Causal Consistency Specification
- Status: Accepted
- Minimum Server Version: 3.6
Abstract
Version 3.6 of the server introduces support for causal consistency. This spec builds upon the Sessions Specification to define how an application requests causal consistency and how a driver interacts with the server to implement causal consistency.
Definitions
META
The keywords "MUST", "MUST NOT", "REQUIRED", "SHALL", "SHALL NOT", "SHOULD", "SHOULD NOT", "RECOMMENDED", "MAY", and "OPTIONAL" in this document are to be interpreted as described in RFC 2119.
Terms
Causal consistency
A property that guarantees that an application can read its own writes and that a later read
will never observe a version of the data that is older than an earlier read.
ClientSession
The driver object representing a client session and the operations that can be performed on it.
Cluster time
The current cluster time. The server reports its view of the current cluster time in the
$clusterTime
field in responses from the server and the driver participates in distributing the current cluster time
to all nodes (called "gossipping the cluster time") by sending the highest $clusterTime
it has seen so far in messages
it sends to mongos servers. The current cluster time is a logical time, but is digitally signed to prevent malicious
clients from propagating invalid cluster times. Cluster time is only used in replica sets and sharded clusters.
Logical time
A time-like quantity that can be used to determine the order in which events occurred. Logical time is
represented as a BsonTimestamp.
MongoClient
The root object of a driver's API. MAY be named differently in some drivers.
MongoCollection
The driver object representing a collection and the operations that can be performed on it. MAY be
named differently in some drivers.
MongoDatabase
The driver object representing a database and the operations that can be performed on it. MAY be
named differently in some drivers.
Operation time
The logical time at which an operation occurred. The server reports the operation time in the
response to all commands, including error responses.
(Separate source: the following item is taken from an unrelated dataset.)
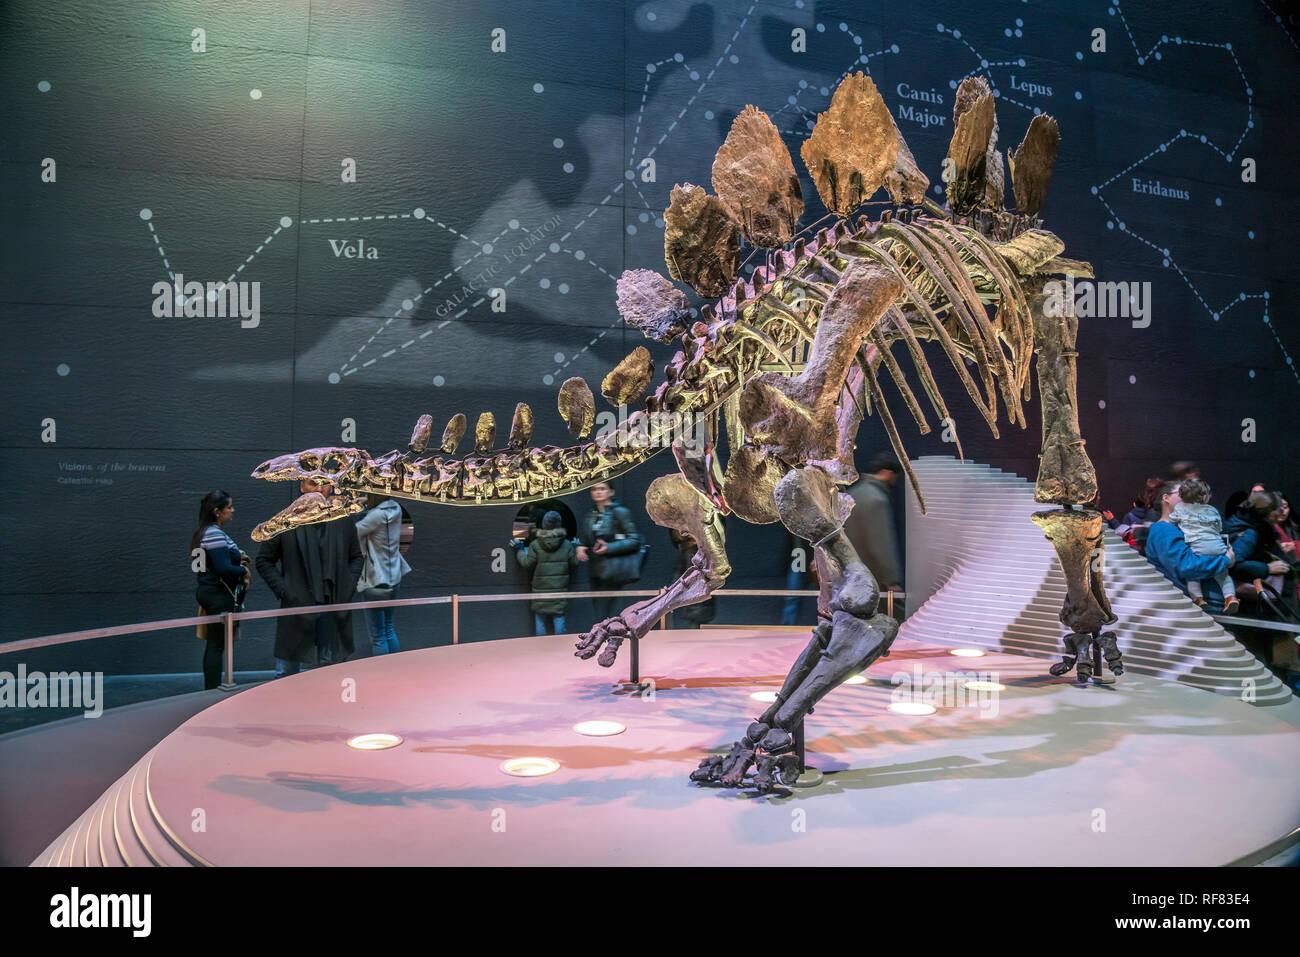 Dinosaurier Skelett,  Natural History Museum, London, Vereinigtes Königreich Großbritannien, Europa    Dinosaur skeleton, Natural History Museum, Lond - Stock Image

The operation time by definition is always less than or equal to
the cluster time. Operation times are tracked on a per ClientSession
basis, so the operationTime
of each
ClientSession
corresponds to the time of the last operation performed in that particular ClientSession
.
ServerSession
The driver object representing a server session.
Session
A session is an abstract concept that represents a set of sequential operations executed by an application
that are related in some way. This specification defines how sessions are used to implement causal consistency.
Unacknowledged writes
Unacknowledged writes are write operations that are sent to the server without waiting for a
reply acknowledging the write. See the "Unacknowledged Writes" section below for information on how unacknowledged
writes interact with causal consistency.
Specification
An application requests causal consistency by creating a ClientSession
with options that specify that causal
consistency is desired. An application then passes the session as an argument to methods in the MongoDatabase
and
MongoCollection
classes. Any operations performed against that session will then be causally consistent.
Naming variations
This specification defines names for new methods and types. To the extent possible you SHOULD use these names in your
driver. However, where your driver's and/or language's naming conventions differ you SHOULD continue to use them
instead. For example, you might use StartSession
or start_session
instead of startSession
.
High level summary of the API changes for causal consistency
Causal consistency is built on top of client sessions.
Applications will start a new client session for causal consistency like this:
options = new SessionOptions(causalConsistency = true);
session = client.startSession(options);
All read operations performed using this session will now be causally consistent.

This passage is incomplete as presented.